BEGIN Provided entries

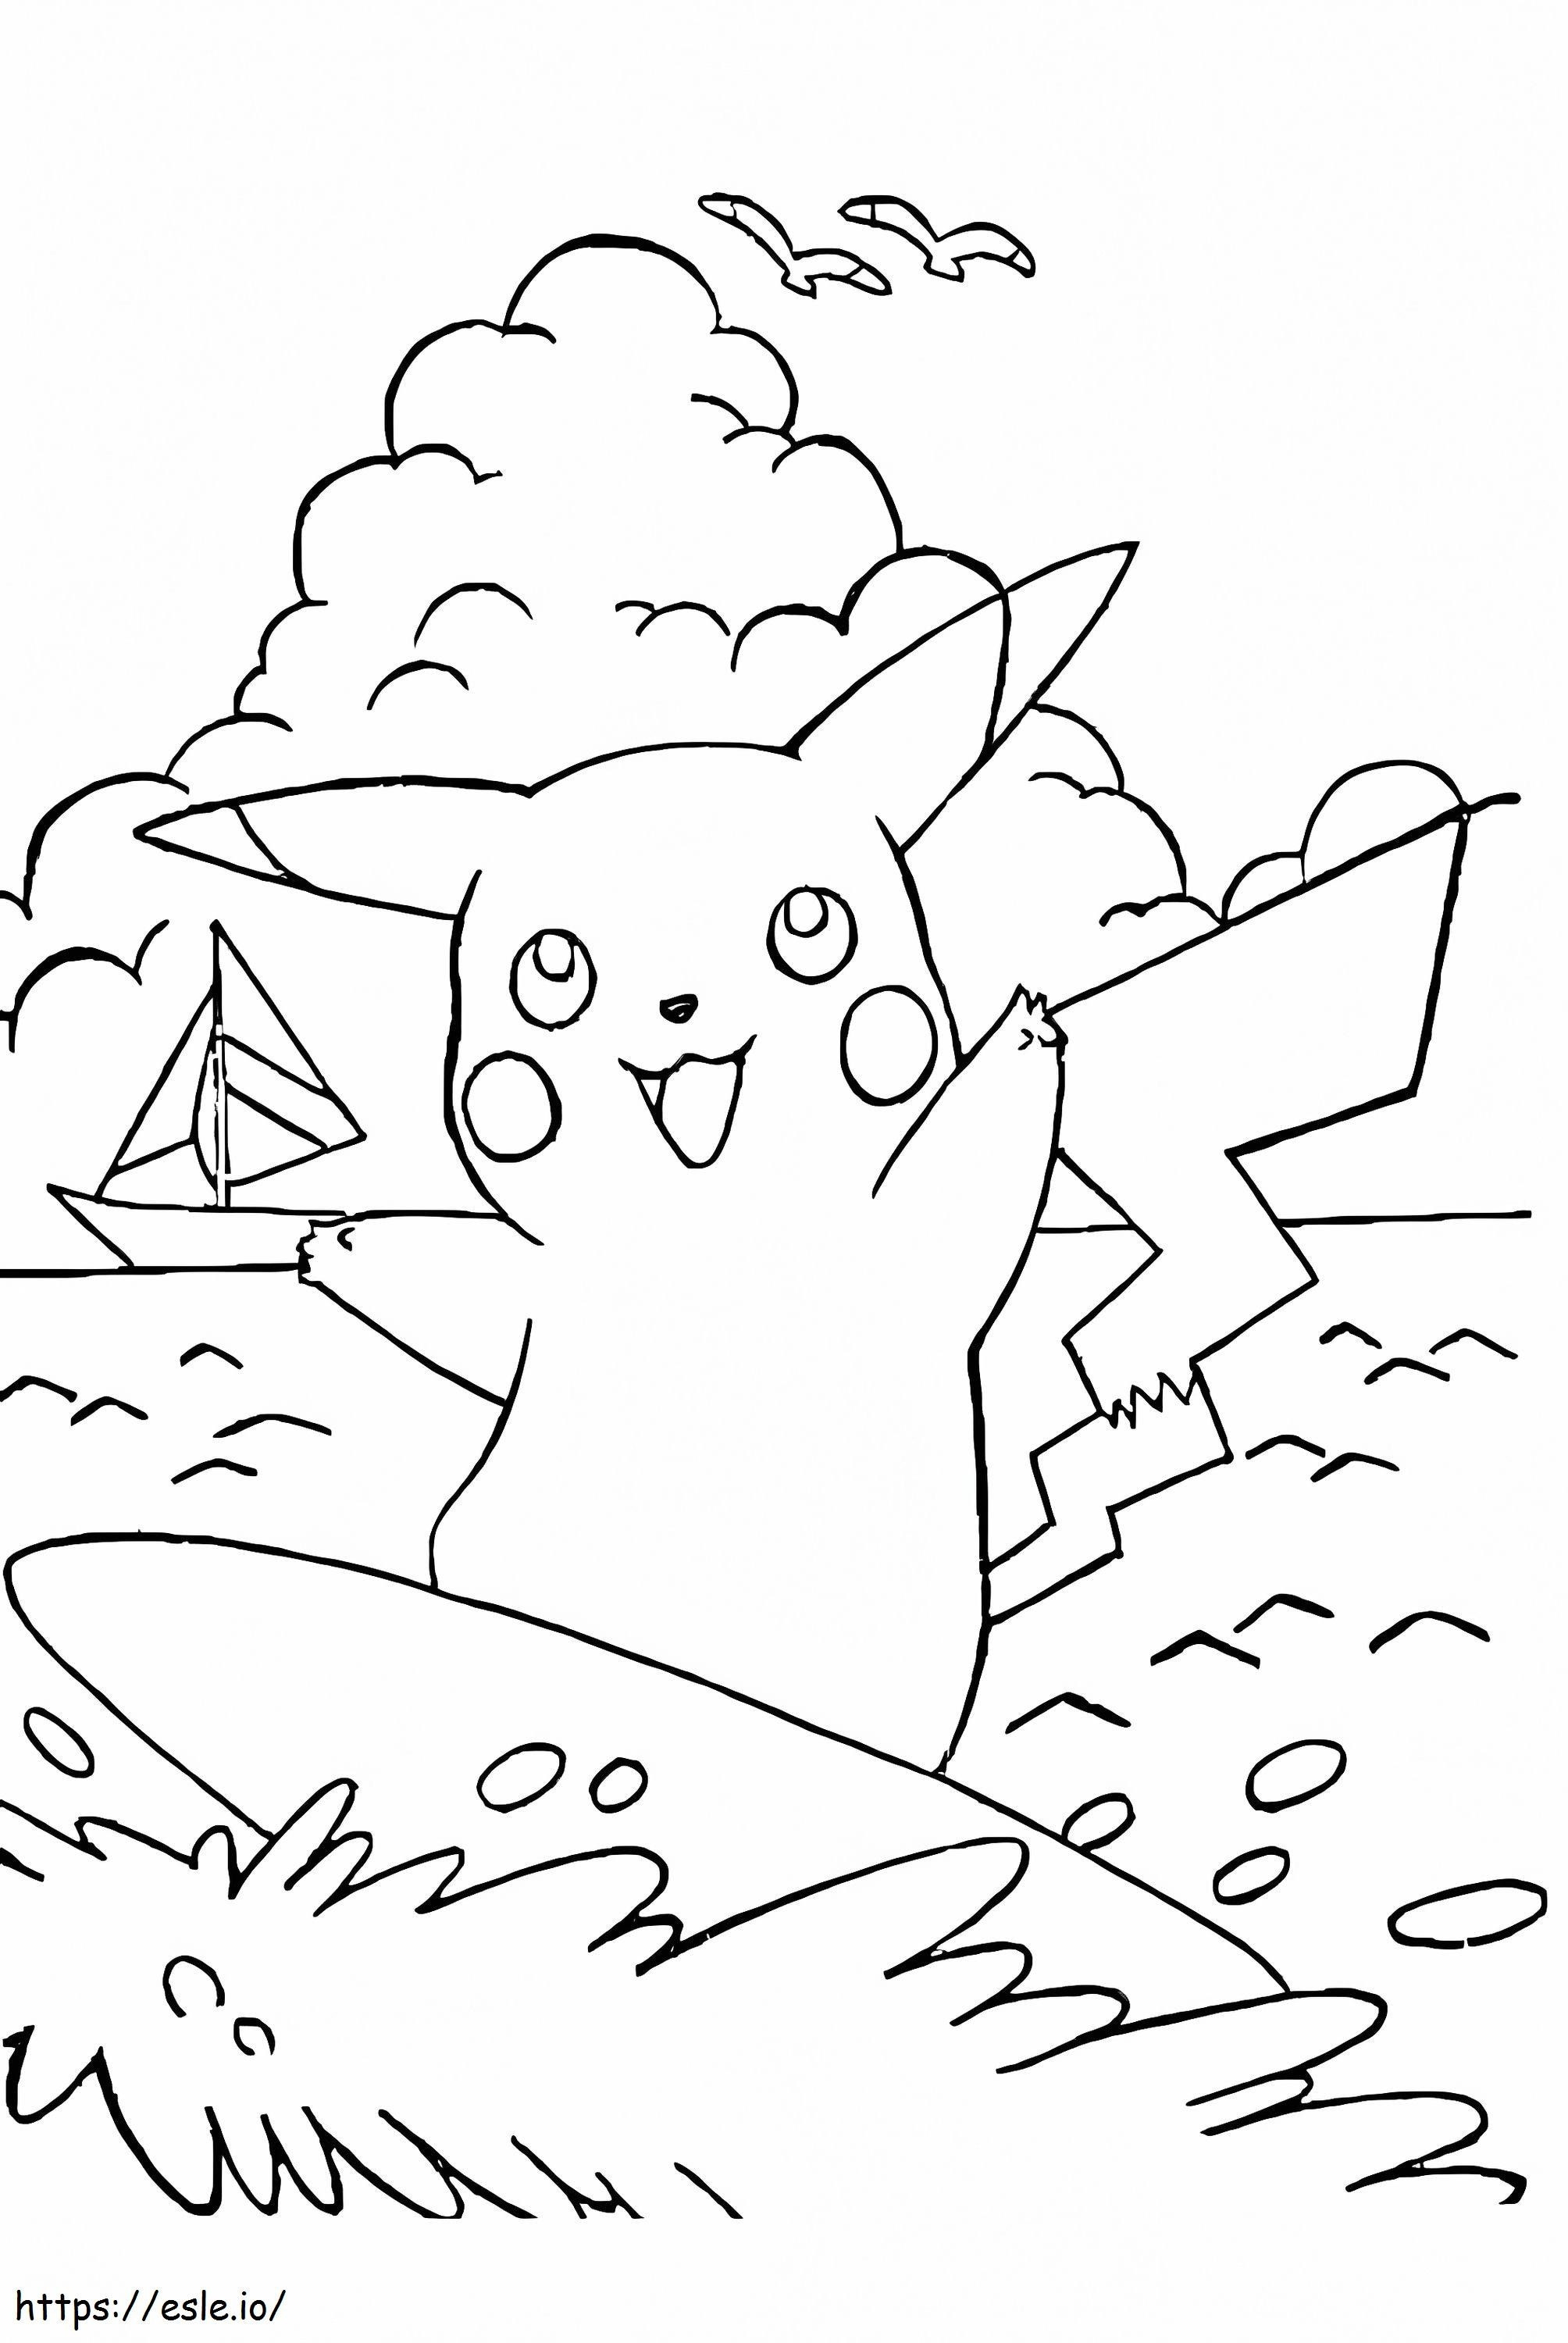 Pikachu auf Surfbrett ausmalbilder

END Provided entries
BEGIN Provided entries

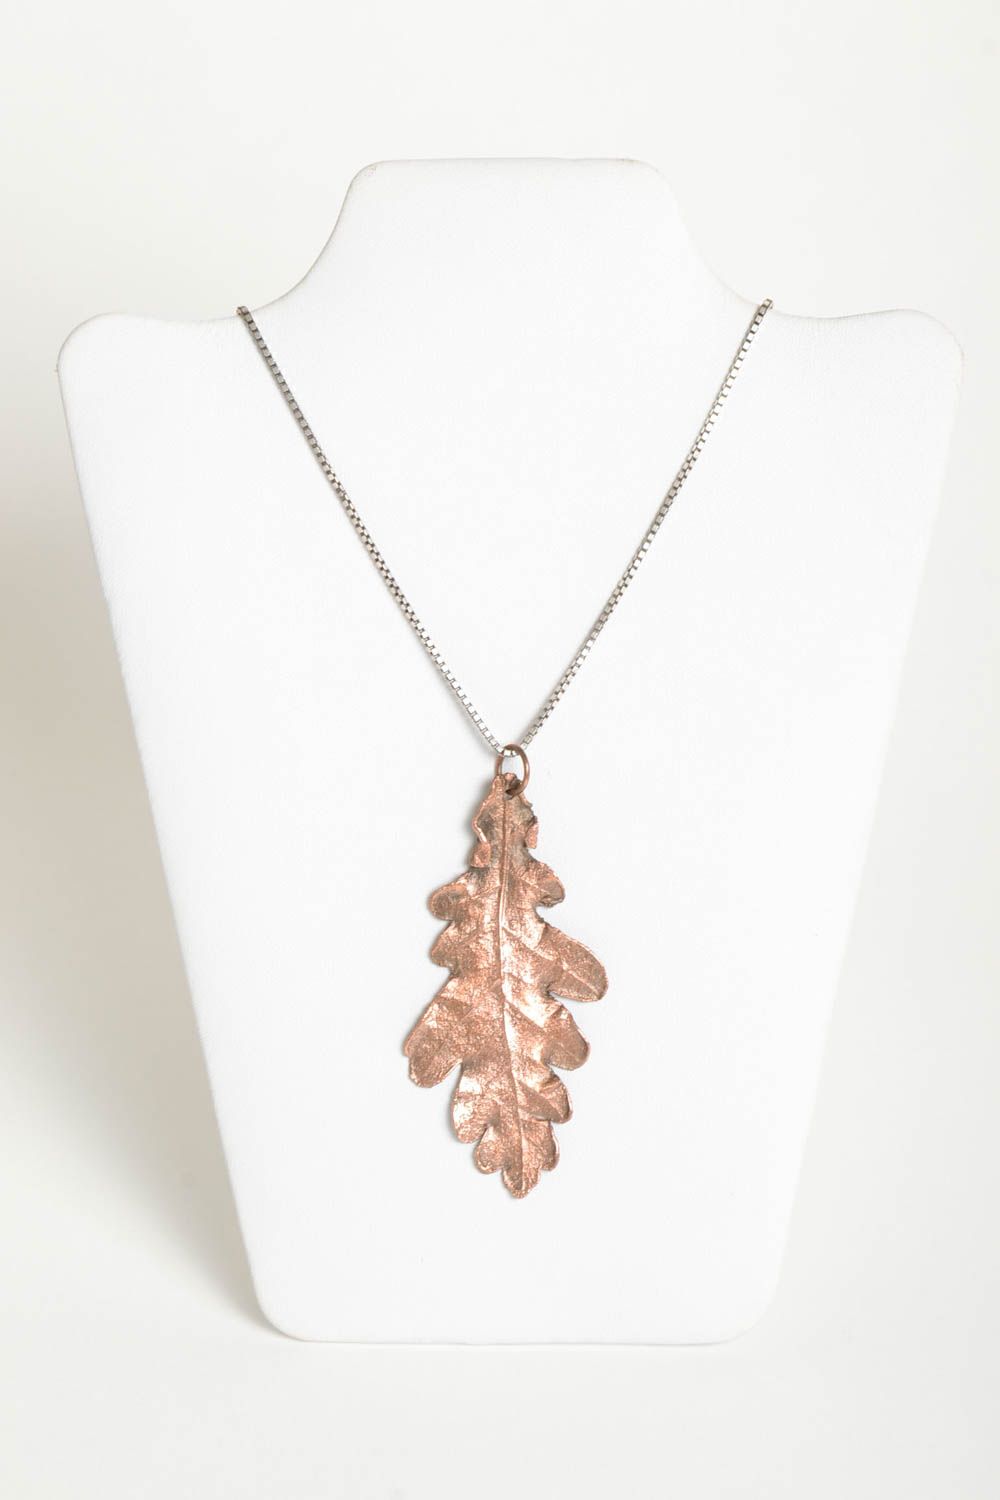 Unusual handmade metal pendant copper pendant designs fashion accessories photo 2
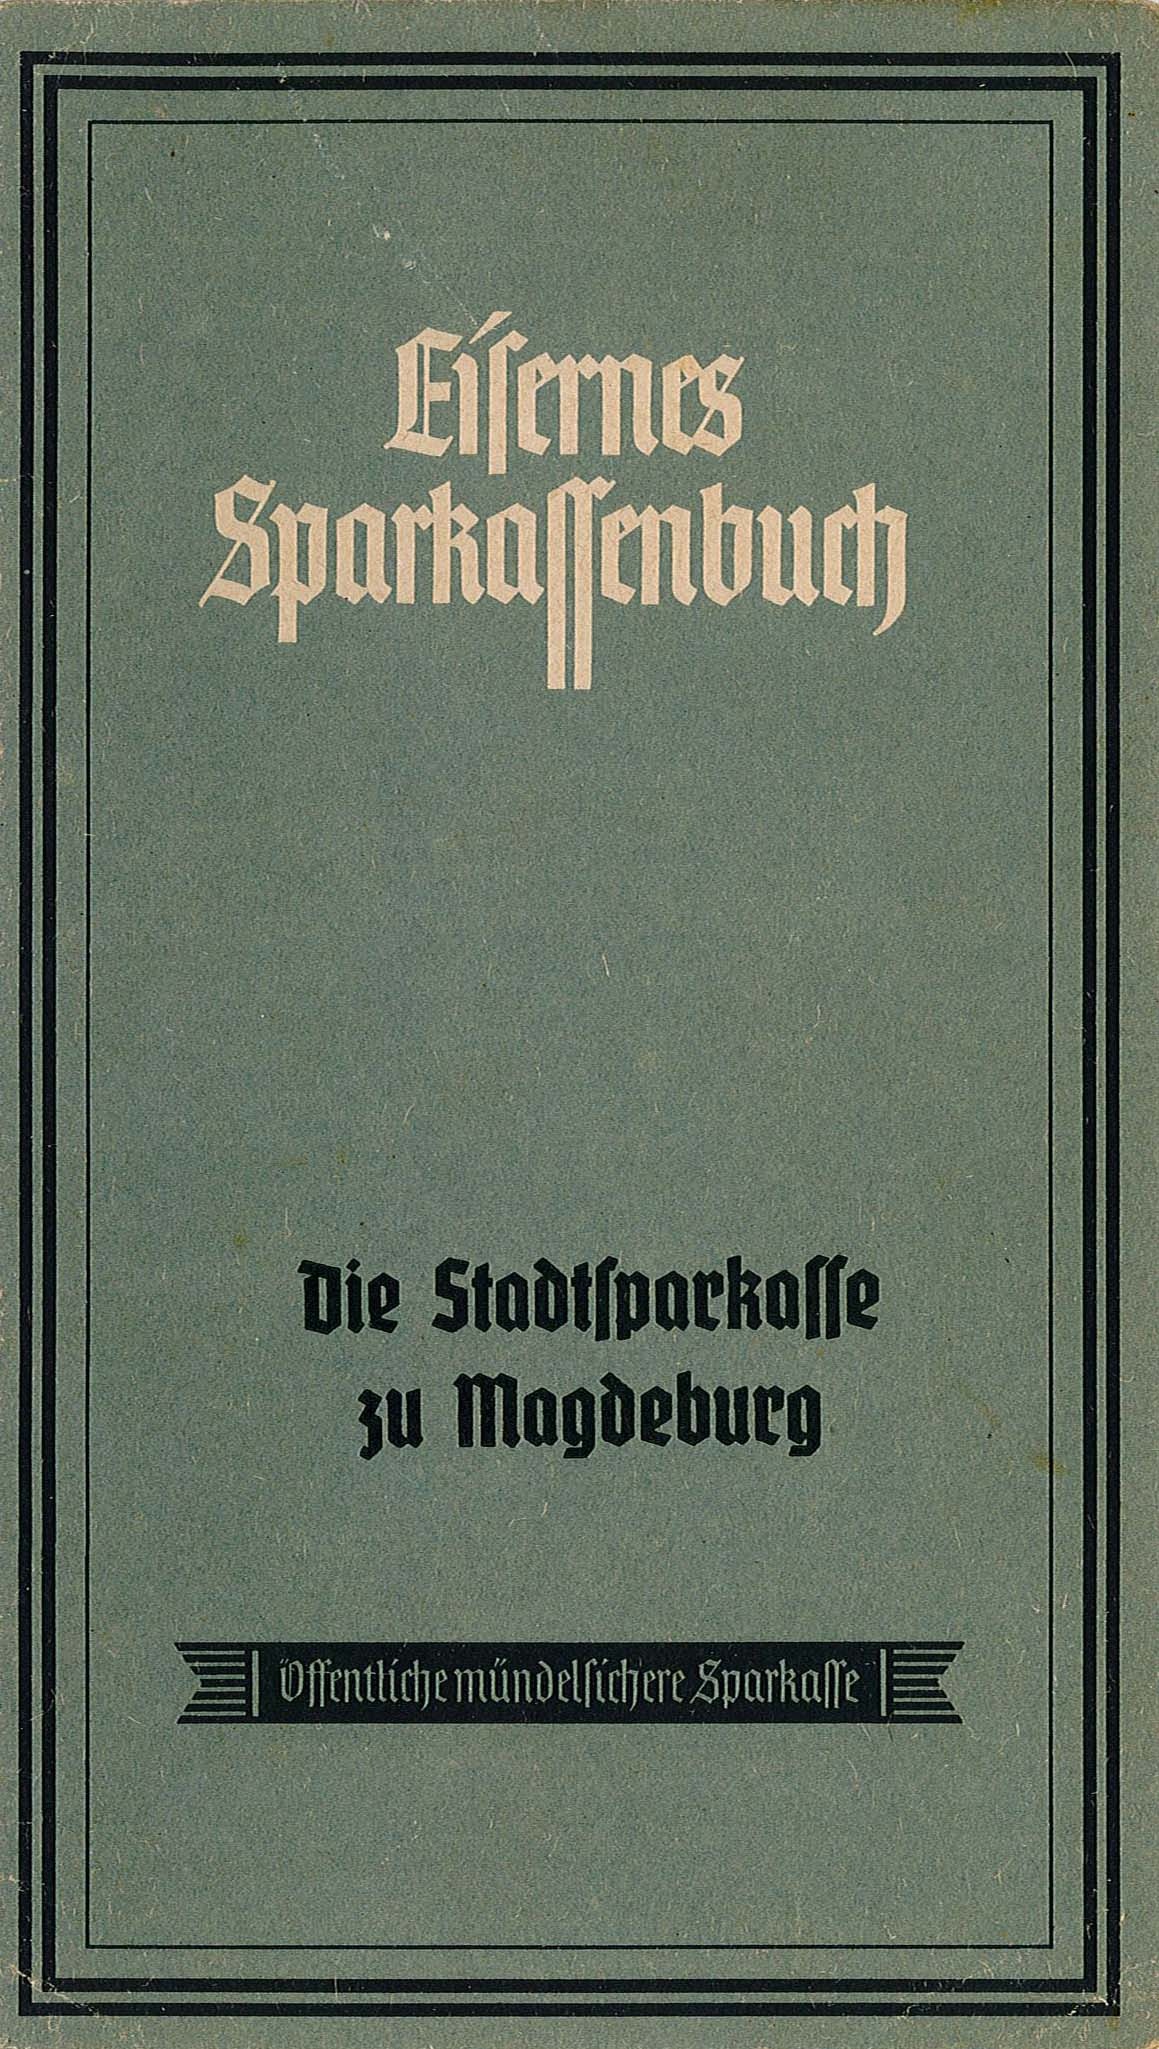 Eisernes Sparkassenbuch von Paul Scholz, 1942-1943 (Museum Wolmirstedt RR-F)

END Provided entries

> _Task_: Leave the pictures out. Output, exactly, the lines of the material above starting at the line containing "Unusual handmade metal" and ending at the line containing "Eisernes Sparkassenbuch von".

> _Solution for this exercise_:
 Unusual handmade metal pendant copper pendant designs fashion accessories photo 2
 Eisernes Sparkassenbuch von Paul Scholz, 1942-1943 (Museum Wolmirstedt RR-F)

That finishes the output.